In the twelve hours since we declared war and disbanded our army, China hasn’t moved its troops. They’ve merely sent out a spokesperson to denounce our President. A financial analyst comes on to say that after the President’s declaration of war, the real battlefield will be in the global financial markets. Reports come in of a mysterious mass of offshore money buying up the US Dollar, siphoning all American cash out of China, which given China’s inflation problems and massive public spending programs, threatens to pop the giant economic bubble looming over their country, just like George Soros’ hedge funds did to Hong Kong in 1997. But none of the words spoken by the talking heads make any sense to me. In short, since Taiwan’s on indefinite vacation and nobody knows what’s going to happen next, we might as well take the opportunity to steal a capybara.

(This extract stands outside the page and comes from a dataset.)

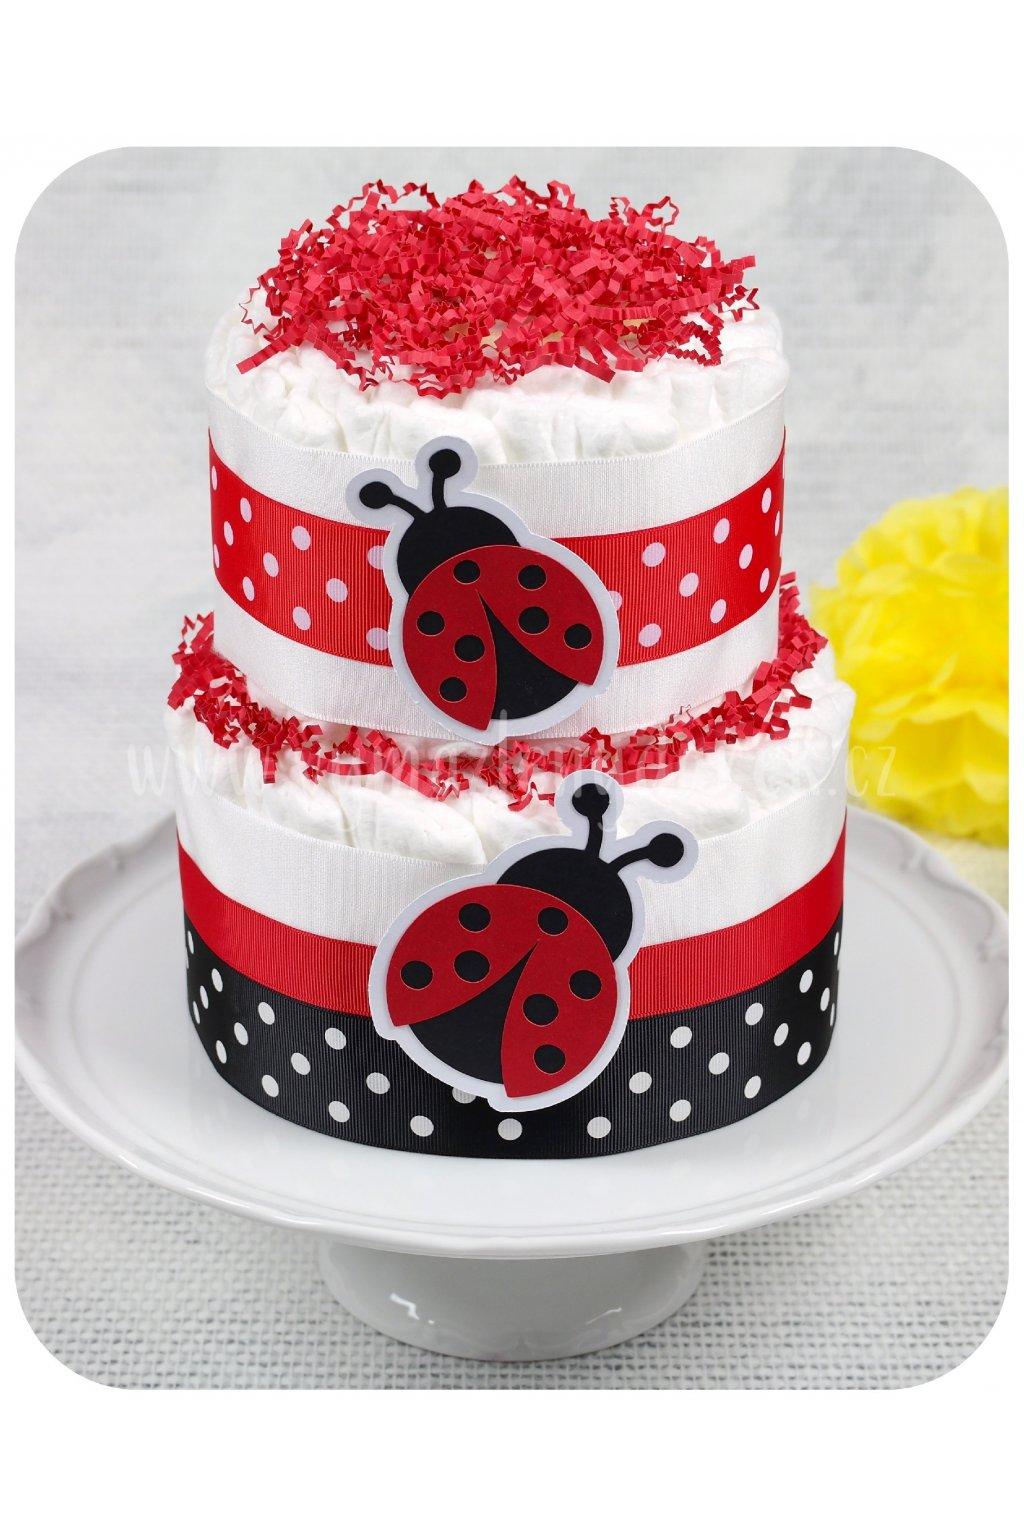 Dvoupatrový plenkový dort Berušky

When I first mentioned it, Lao K and Ah Yung both shook their heads.
“Cut it out. No way,” I remember Ah Yung saying, “Just look at the cafe. It might as well be Chinese New Year in here. Wanpi World will be mobbed by tourists.”
I said: “There’s a national crisis hanging over all our heads. No one would notice if a private zoo is short one giant rat.” I’d done the research: the zoo closes at five and by seven or eight there’s no one’s around. It shouldn’t be hard to sneak in.

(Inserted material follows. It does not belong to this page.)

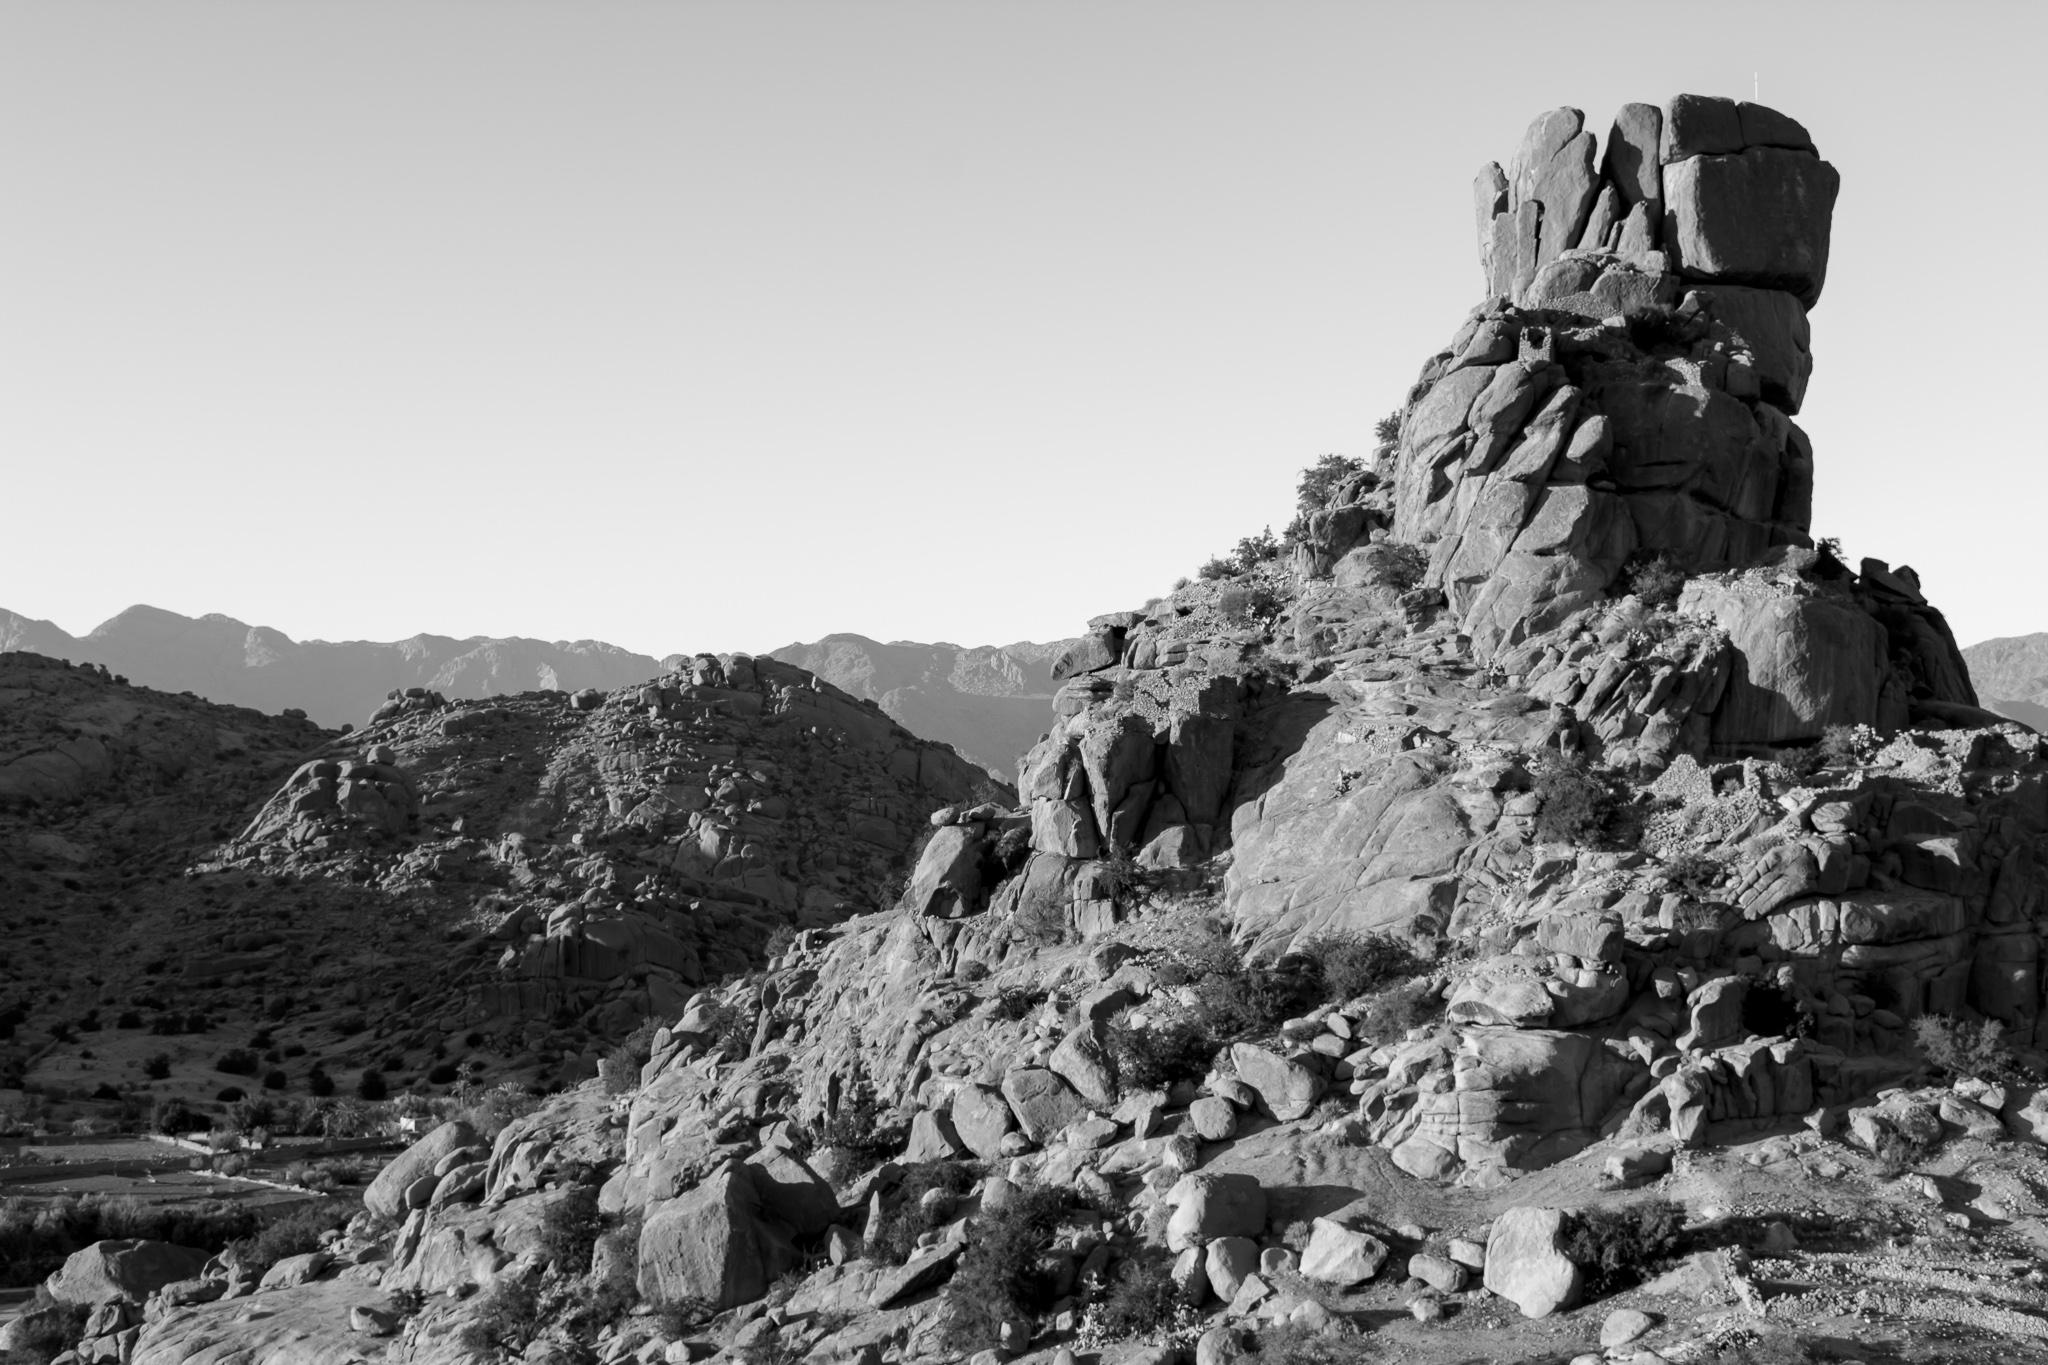 A pocos kilómetros del pequeño pueblo de Tafraoute y situado a 1000 metros de altitud encontramos el Valle de Ameln, en el que se encuentra la roca granítica 'Sombrero de Napoleón'.

“Can’t you just raise a hamster and call it a day?” Ah Yung had asked. “Why must it be a capybara?”
I said that this was like asking: why go see Florentijn Hofman’s giant Rubber Duck sculpture when you can float a regular rubber duck in your own bathtub? Lao K didn’t say much, but signed up as the getaway driver. Only Mao Mao showed much enthusiasm, suggesting that we borrow a tranquilizer gun from her veterinarian friend. We decided to meet up that night at 1:50 a.m.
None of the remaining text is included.